Creeped out and disheartened

  • 7 Replies
  • 1215 Views
*

moglow

  • Retired Administrator
  • Hero Member
  • *
  • 15808
  • >^..^<
Creeped out and disheartened
« on: August 15, 2018, 04:30:42 PM »
I called mommie dearest last night, just a friendly "hey I was thinking of you" call.  I know we all get frustrated with (and Lord knows I've complained about!) the load of negative and nasty we usually get, but be warned: suddenly *not* getting what you're used to is creepy.

Mother wasn't perky and chirpy, but she was approachable. Coherent. Not snarling or negative. Not ranting on any subject. It's so totally unlike her norm and what I've seen fairly consistently for the past few years. I can't help but wonder who's in her crosshairs or what fresh hell is about to hit the oscillating object. Honestly, this is more unsettling than the random temper tantrums. Those, I know what to do with. This, makes my skin crawl.

So, the disheartened part - one of my nephews got engaged a few weeks back. Brother #3 and his family went to the islands, and his son/my nephewproposed on the trip. I found out via fb when his sisters posted pictures. I sent him birthday greetings and a congrats in one.

Bro #3 and his wife haven't said a word about that or anything else, not for a while. Mother went on and on about the proposal, how nephew had it all planned ahead of time, their trip, all the pictures they took. They've already set the date and told her to put it on her calendar etc etc. And not one word to me or as far as I know either of our two brothers.

I know. This is mother playing divide and conquer, and it's worked/ working. She either made up all those details (not entirely unlikely) or they have shared with her and really have cut us completely out. We don't pander to mother anymore, don't visit and make or accept excuses for her treatment of people, don't listen to or share her gossip - and brother #3 and his family do. He very rarely reaches out to me first and I only get brief responses from him.
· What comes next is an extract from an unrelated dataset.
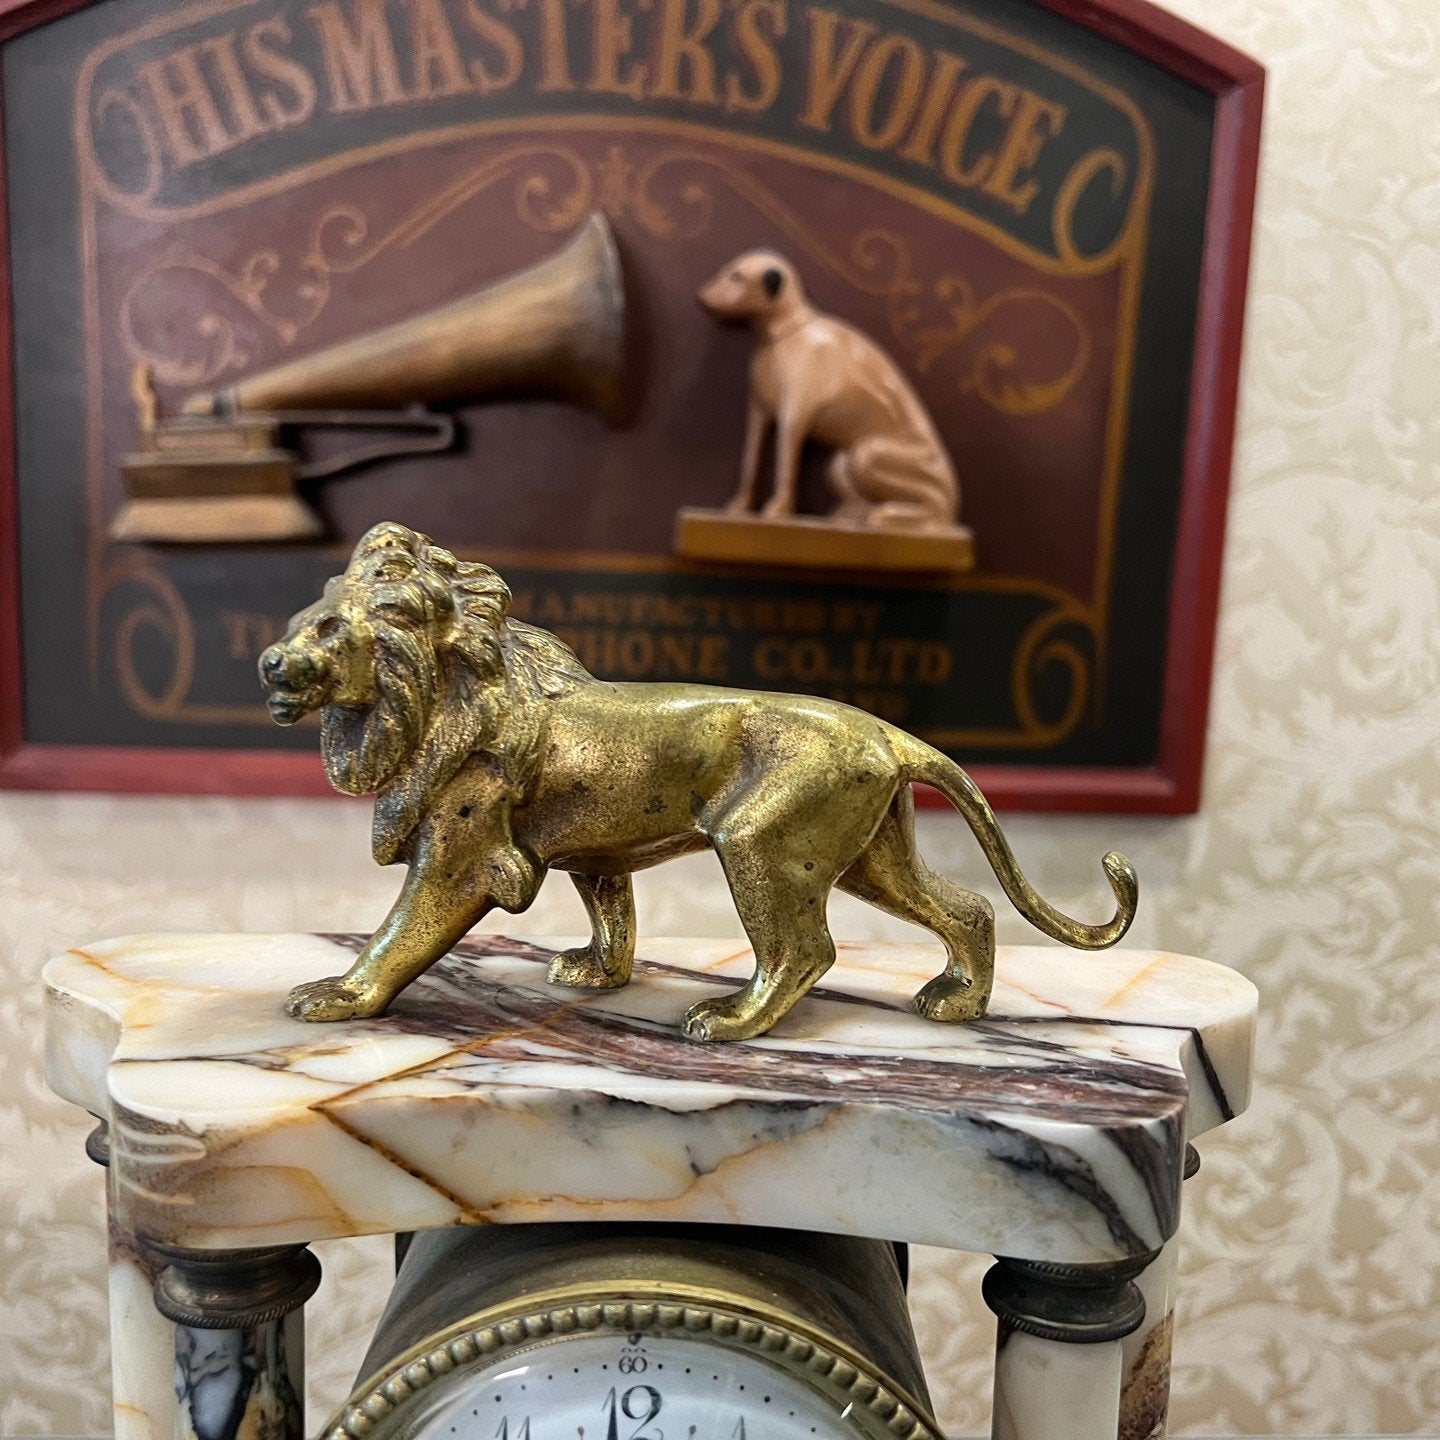 Antique French mantel clock with marble base and brass lion figurine, His Master's Voice sign in background

What I *do* get from him and his family are attempts at guilt tripping me into being her doormat again, snide implications that I'm not doing right by her, that I somehow owe her. They have the advantage of being several states away, thus have assumed golden child status. And they soak in all her many complaints and accusations.

Just grousing here. It galls me and hurts my heart, knowing she's suckered them in and cut us off in one fell swoop. I can only hope she'll make a visit there and decide to stay permanently.
"Expectations are disappointments under construction.  ~ Cap'n Spanky

Stop Stinkin' Thinkin'!

*

LSK1999

  • Full Member
  • ***
  • 475
Re: Creeped out and disheartened
« Reply #1 on: August 15, 2018, 05:31:18 PM »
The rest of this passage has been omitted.